Vaccine Mandates
As a handful of big, New York City-based banks began announcing vaccine mandates at least for corporate staff, Citigroup, Goldman Sachs Group and Morgan Stanley among them, I couldn’t help but wonder how community banks are handling the surge in delta variant Covid-19 infections.
New York City has high rates of vaccination. For example, in Manhattan, 68% of the population is fully vaccinated, according to the city health department. That compares to 51% for the United States overall as of Aug. 24, according to Our World in Data. Some rural areas have vaccination rates below 30%.
For now, I predict many community bankers will stick to a carrot approach, not a stick. What they must balance is the difficulty recruiting and retaining staff with another concern: that the virus could easily send home entire departments or branches.
I got on the phone this week with a level-headed pair of bank leaders: George Leis, the chief operating officer of Montecito Bank & Trust in southern California, and Noah Wilcox, the chairman and CEO of two banks, Grand Rapids State Bank in Grand Rapids, Michigan, and Minnesota Lakes Bank in Delano, Minnesota. To get a sense of the size of those banks, keep in mind that Grand Rapids Bank is the largest of Wilcox’s chartered banks and has an asset size of $280 million. Montecito has $2.2 billion.
Both bankers think their vaccination rates are high, north of 75% of staff. Still, Montecito has put off plans to reopen offices for all employees in September, sticking to a policy where only about a third of staff is on site. Although there are ongoing discussions about what to do about the delta variant, for now, the bank is asking employees to say if they’re vaccinated and to wear a mask in the office if they’re not.
Wilcox has taken a similar approach. Employees should tell human resources if they’re vaccinated. If they aren’t or don’t want to show proof, they need to wear a mask. “If we mandate vaccines, I’m not exactly sure who it is, but we’re going to lose some really key people in our organization by that one act,” Wilcox says.
It’s been a difficult balance between respecting employees’ individual choices and keeping everyone safe. The changing guidance from the Centers for Disease Control and Prevention has made it tougher. With breakthrough infections surfacing among the fully vaccinated, CDC’s latest recommendation is that everyone, even the vaccinated, wear a mask indoors in areas with substantial or high transmission rates.
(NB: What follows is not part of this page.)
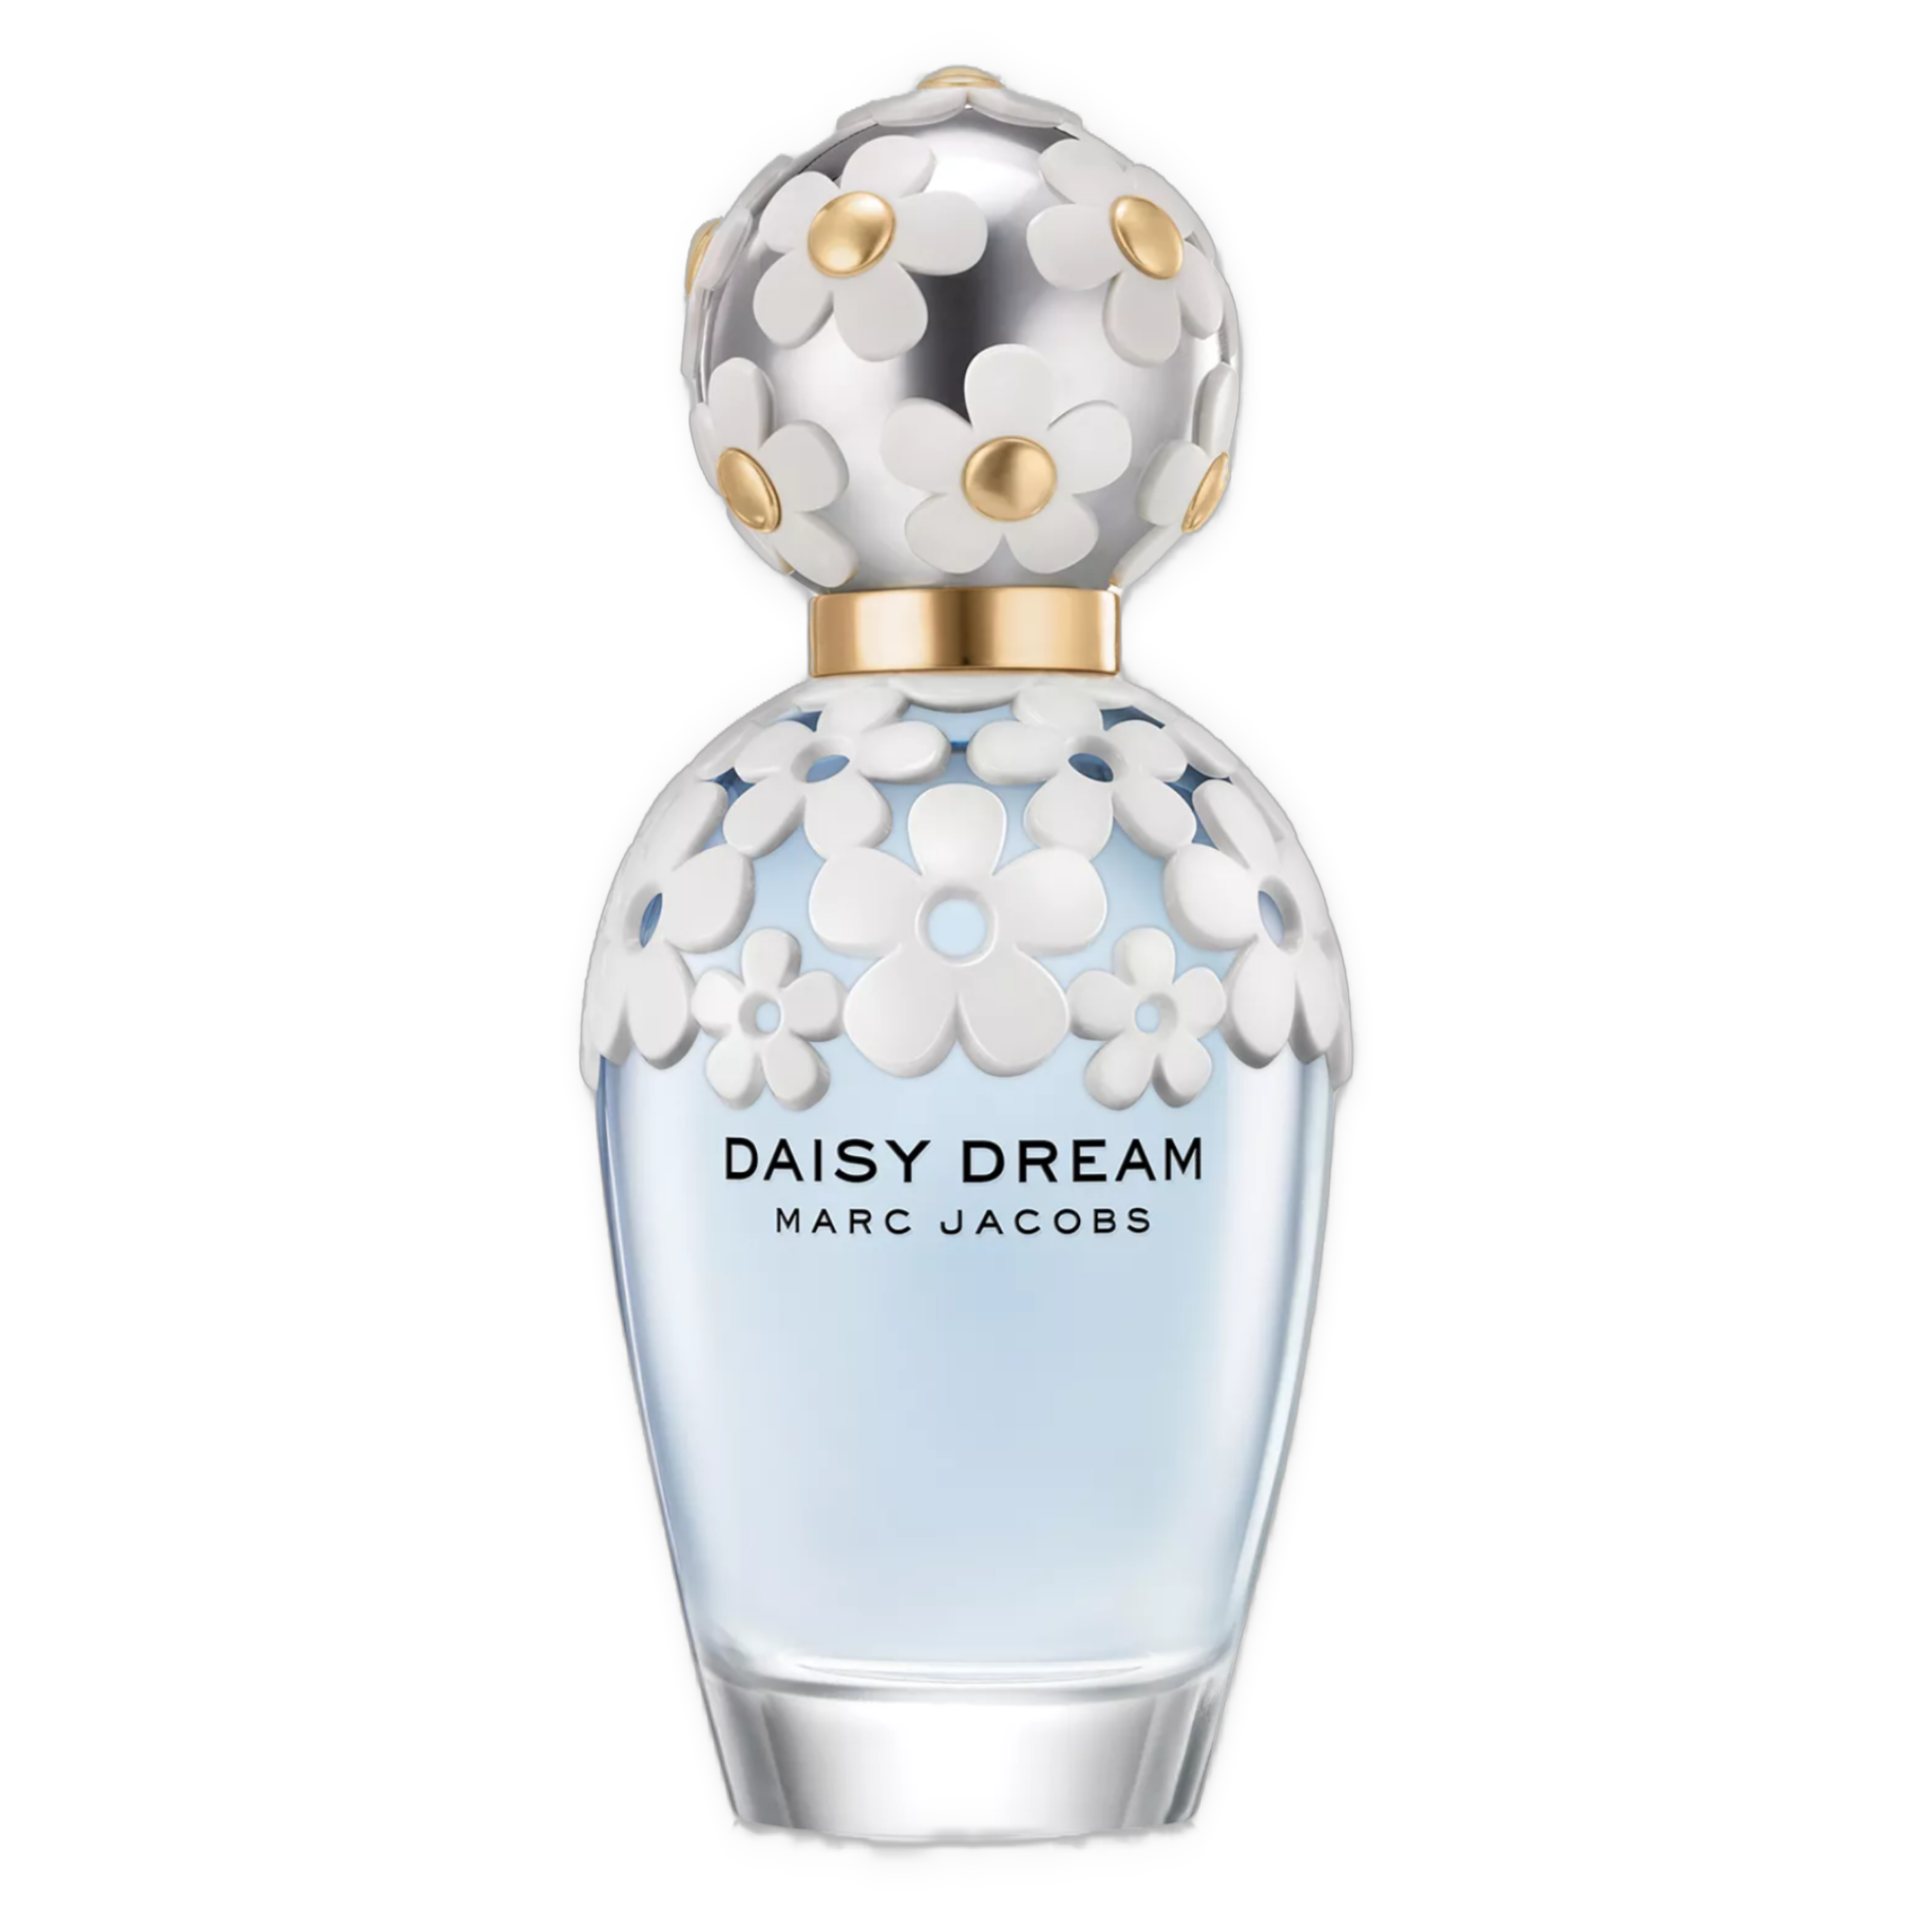 Daisy Dream - Eau de Toilette

Montecito Bank knows tragedy. It had a solid disaster preparedness plan. The bank adjusted operations when the 2018 wildfires were followed by catastrophic mudslides that killed 21.
And yet, Leis says, the pandemic seems different. “Once the mud is cleared, we return back to normal,” he says. But the pandemic “is just something that is really hard to prepare for.” It’s been a mudslide that never ends.